Perkembangan teknologi digital membawa perubahan signifikan dalam aktivitas ekonomi masyarakat, termasuk dalam transaksi keuangan seperti jual beli online, penggunaan e-wallet, cryptocurrency, dan layanan fintech. Dalam konteks fikih Islam, kemunculan fenomena baru ini menuntut kajian hukum yang mampu merespons perubahan zaman tanpa mengabaikan prinsip-prinsip syariah. Artikel ini mengkaji hukum keempat fenomena tersebut dalam perspektif fikih kontemporer, dengan pendekatan maqāṣid al-syarī‘ah dan qawā‘id fiqhiyyah.
Revolusi digital telah mengubah cara manusia bertransaksi. Kini, jual beli tidak lagi terbatas pada pasar fisik, tetapi juga dilakukan secara daring. Selain itu, hadirnya dompet digital (e-wallet), mata uang kripto (cryptocurrency), dan layanan teknologi keuangan (fintech) menambah kompleksitas praktik muamalah modern. Dalam hal ini, hukum Islam memiliki mekanisme ijtihad untuk menjawab dinamika tersebut.

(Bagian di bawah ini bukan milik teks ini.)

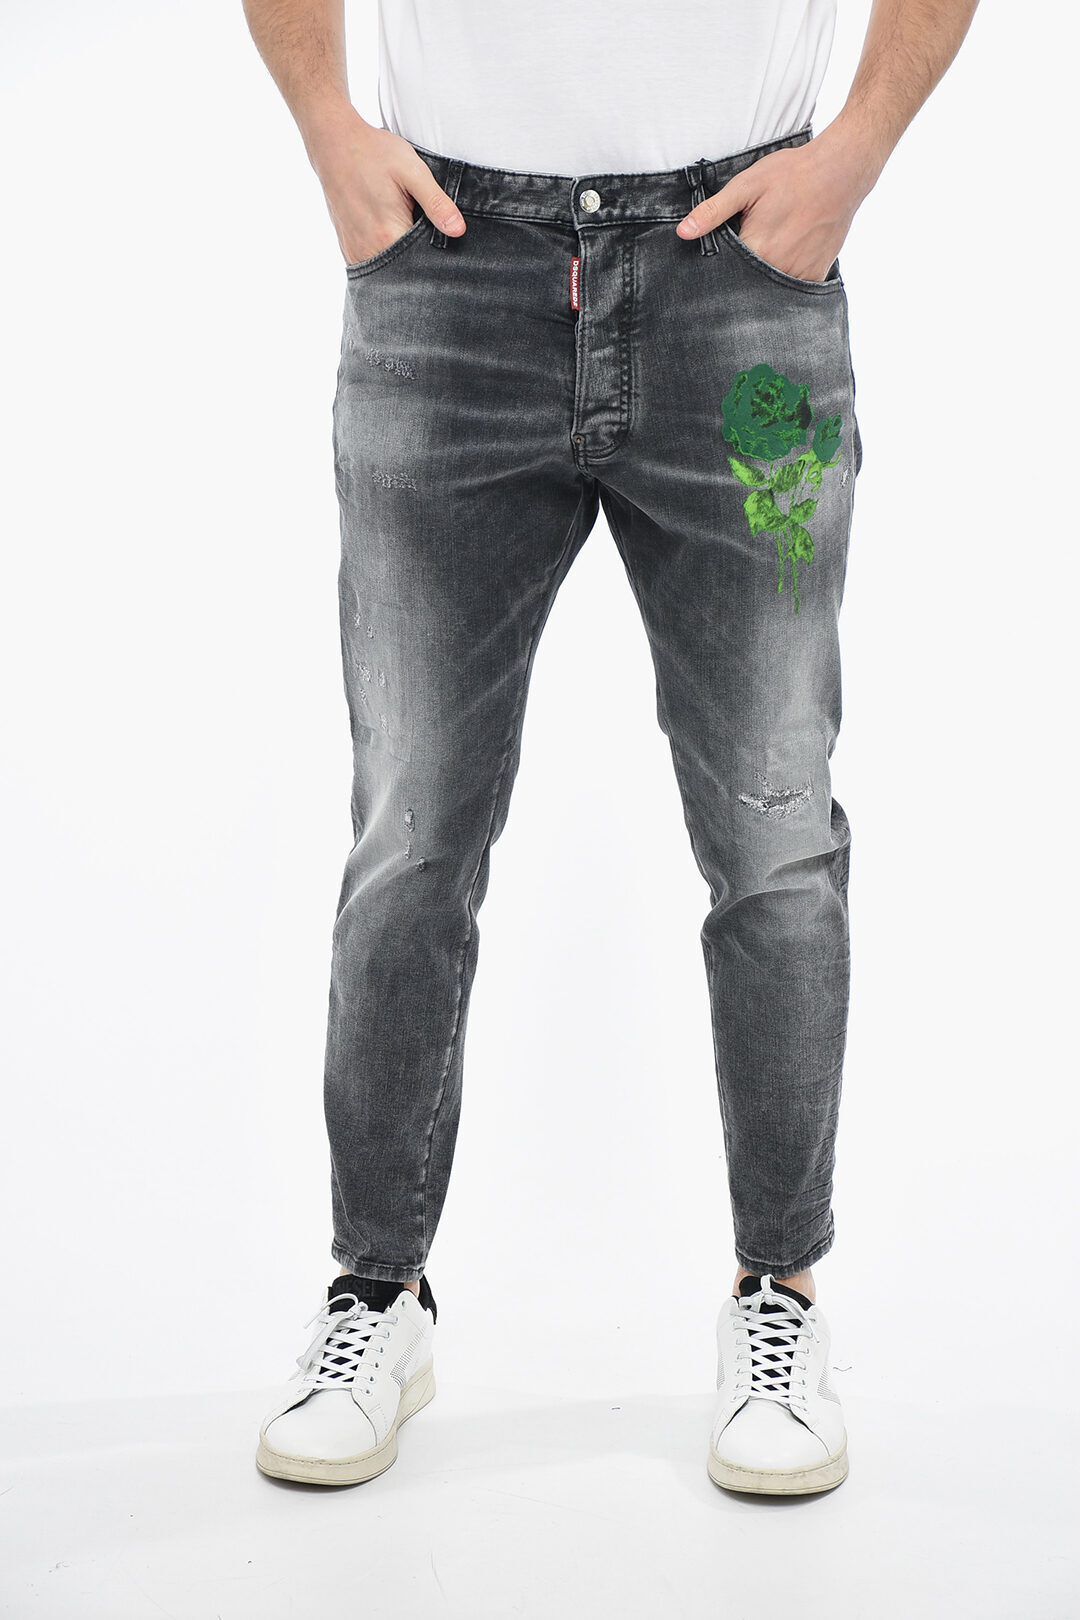 DSQUARED2 ディースクエアード デニム S74LB1225 S30503 900 メンズ DISTRESSED RELAX LONG CROTCH DENIMS WITH FLORAL PRINT 16CM 【関税・送料無料】【ラッピング無料】 dk

1. Jual Beli Online dalam Fikih
Prinsip dasar jual beli dalam Islam adalah adanya ijab qabul, kerelaan antara kedua belah pihak, kejelasan objek transaksi (mabi'), dan bebas dari unsur gharar (ketidakjelasan). Jual beli online diperbolehkan selama memenuhi syarat dan rukun jual beli.
Masalah yang sering muncul:
Gharar: tidak melihat barang secara langsung.
Penipuan dan ketidaksesuaian barang.
Solusi Fikih:
Adanya kejelasan spesifikasi barang.
Hak khiyar (opsi membatalkan transaksi) jika barang tidak sesuai.